» Your instructions: An exact copy is the goal: every line from the one containing "Dodgers vs. San" to the end of the material below, pictures excluded.

» Information provided:
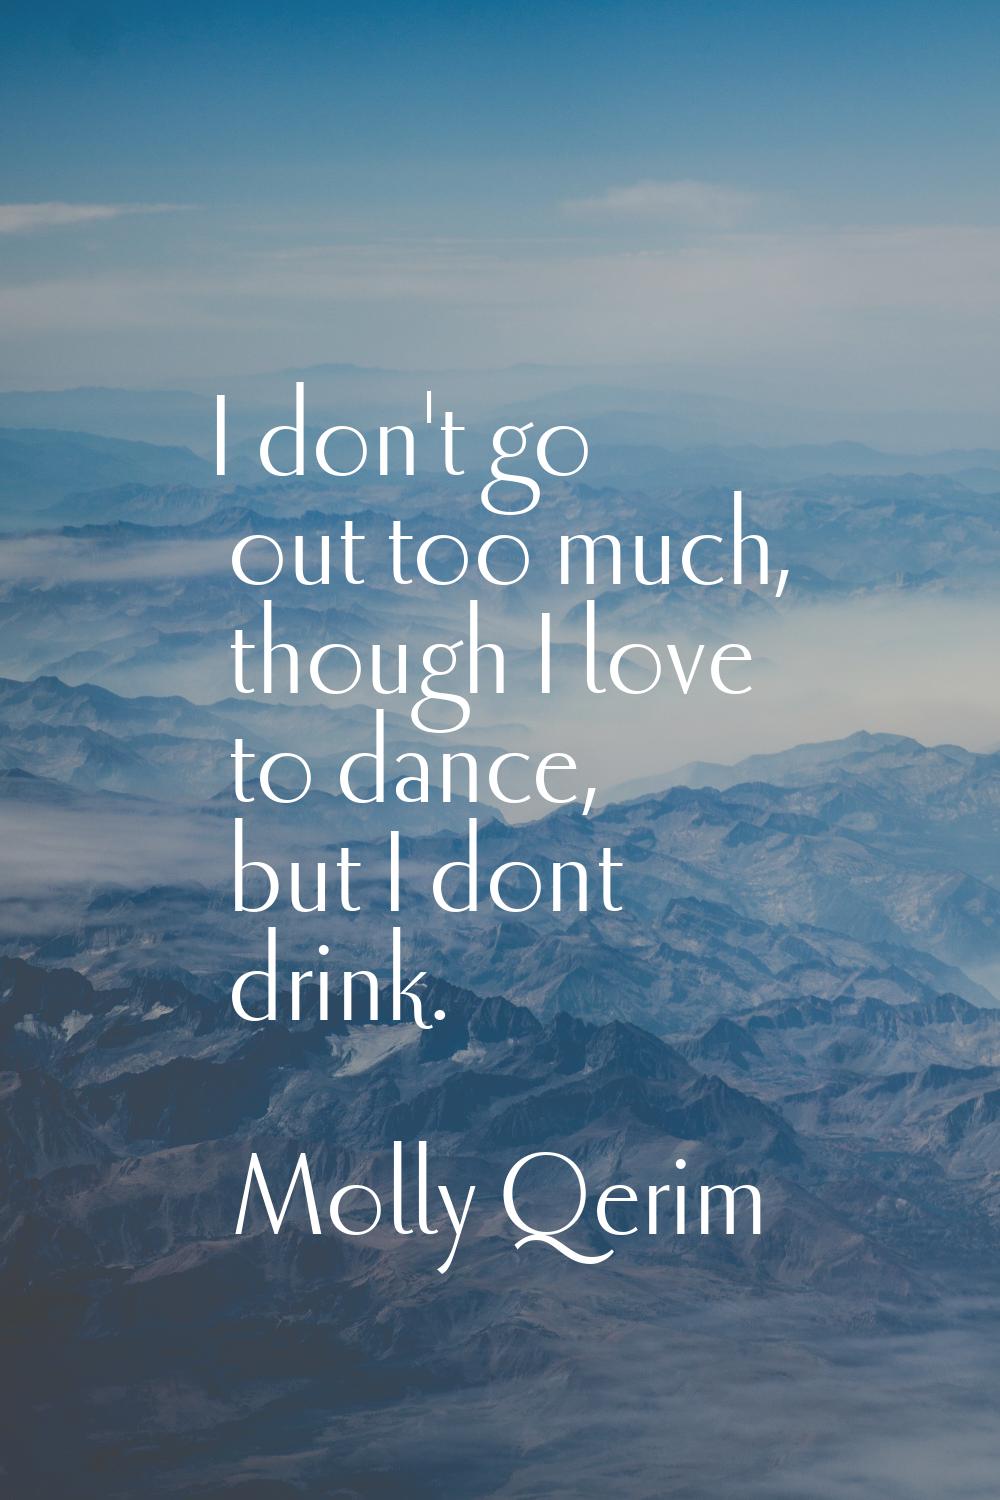 I don't go out too much, though I love to dance, but I dont drink.
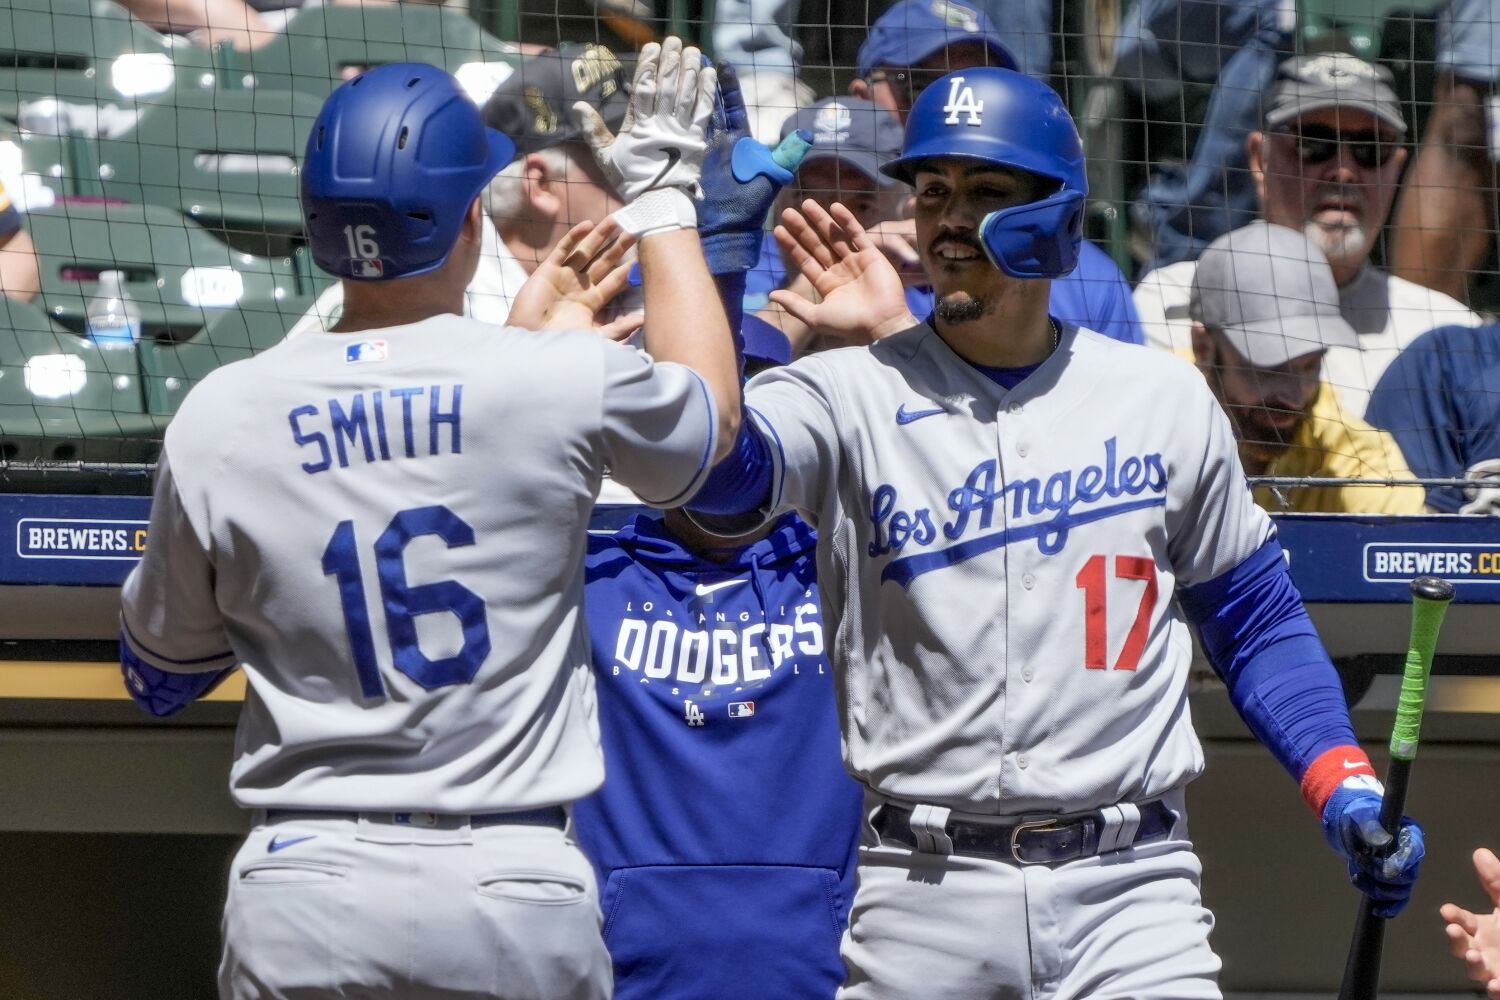 Dodgers vs. San Diego Padres: How to watch, start times and betting odds
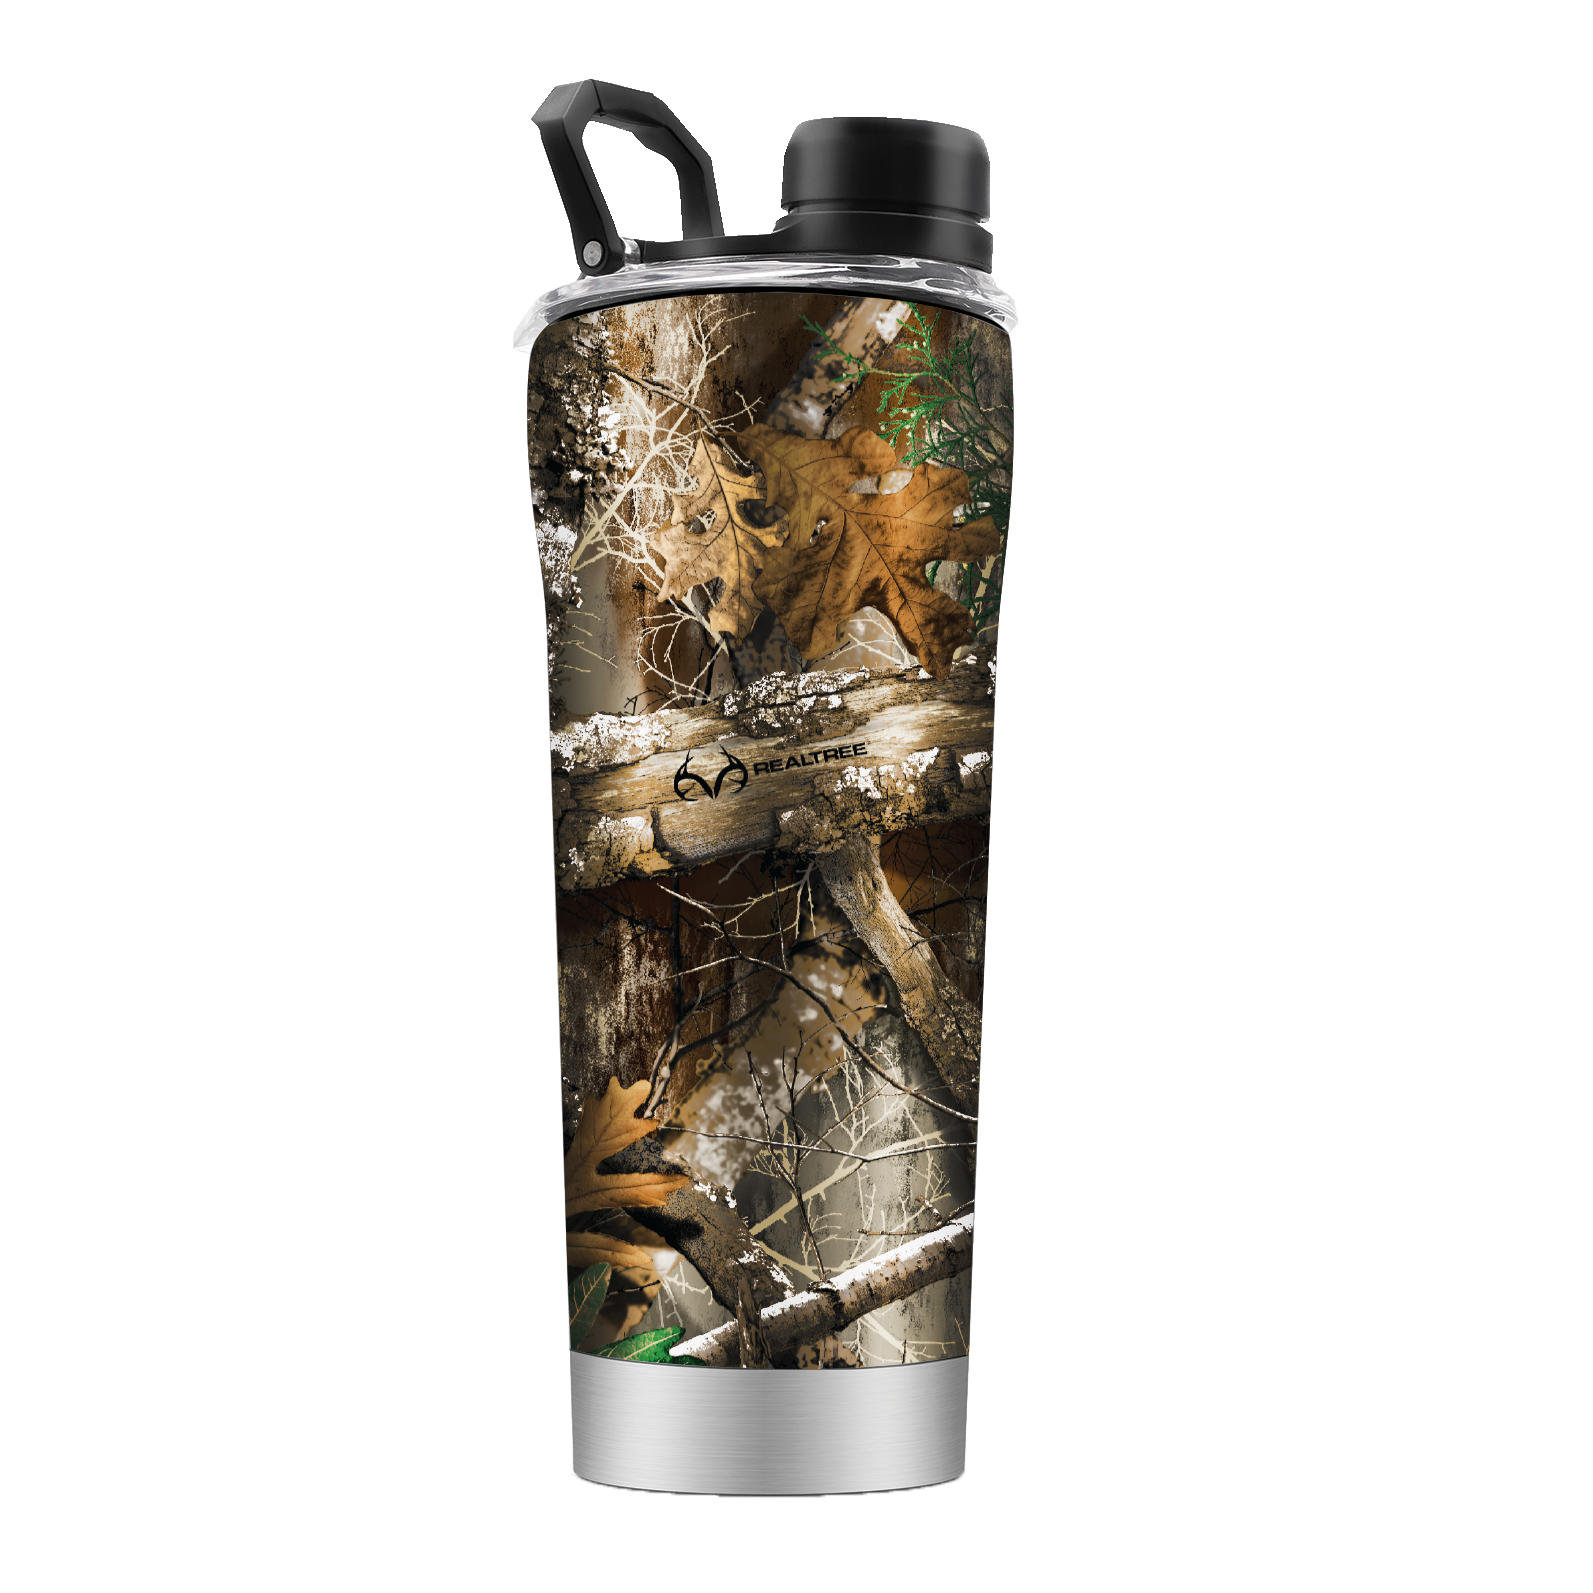 Realtree Camo 20oz Stainless Steel Shaker
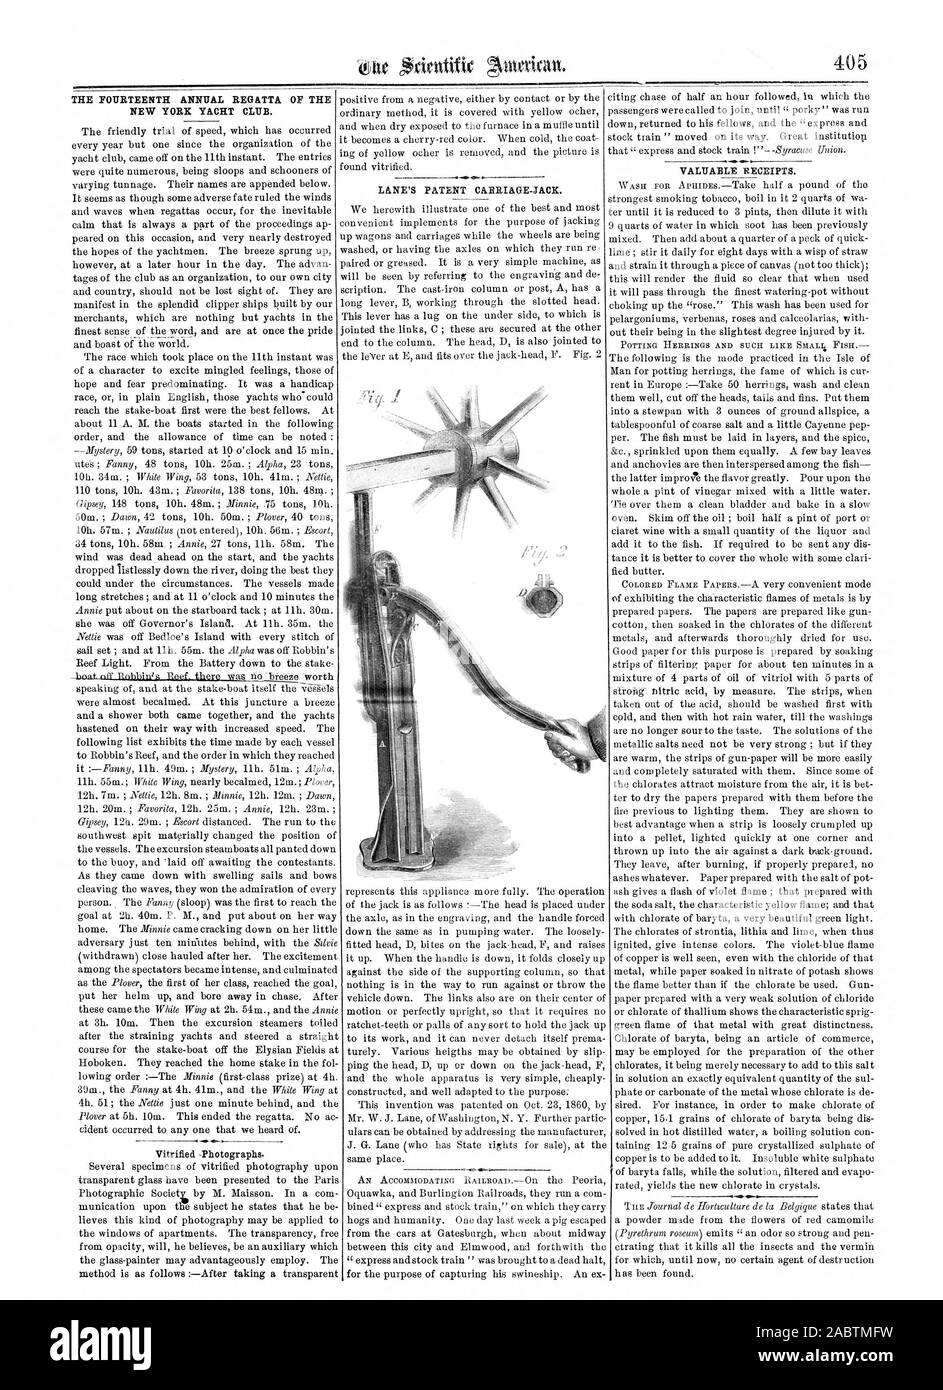 THE FOURTEENTH ANNUAL REGATTA OF THE NEW YORK YACHT CLUB. LANE'S PATENT CARRIAGE-JACK. VALUABLE RECEIPTS., scientific american, 1863-06-27 Stock Photo

» Response:
 Dodgers vs. San Diego Padres: How to watch, start times and betting odds
 Realtree Camo 20oz Stainless Steel Shaker
 THE FOURTEENTH ANNUAL REGATTA OF THE NEW YORK YACHT CLUB. LANE'S PATENT CARRIAGE-JACK. VALUABLE RECEIPTS., scientific american, 1863-06-27 Stock Photo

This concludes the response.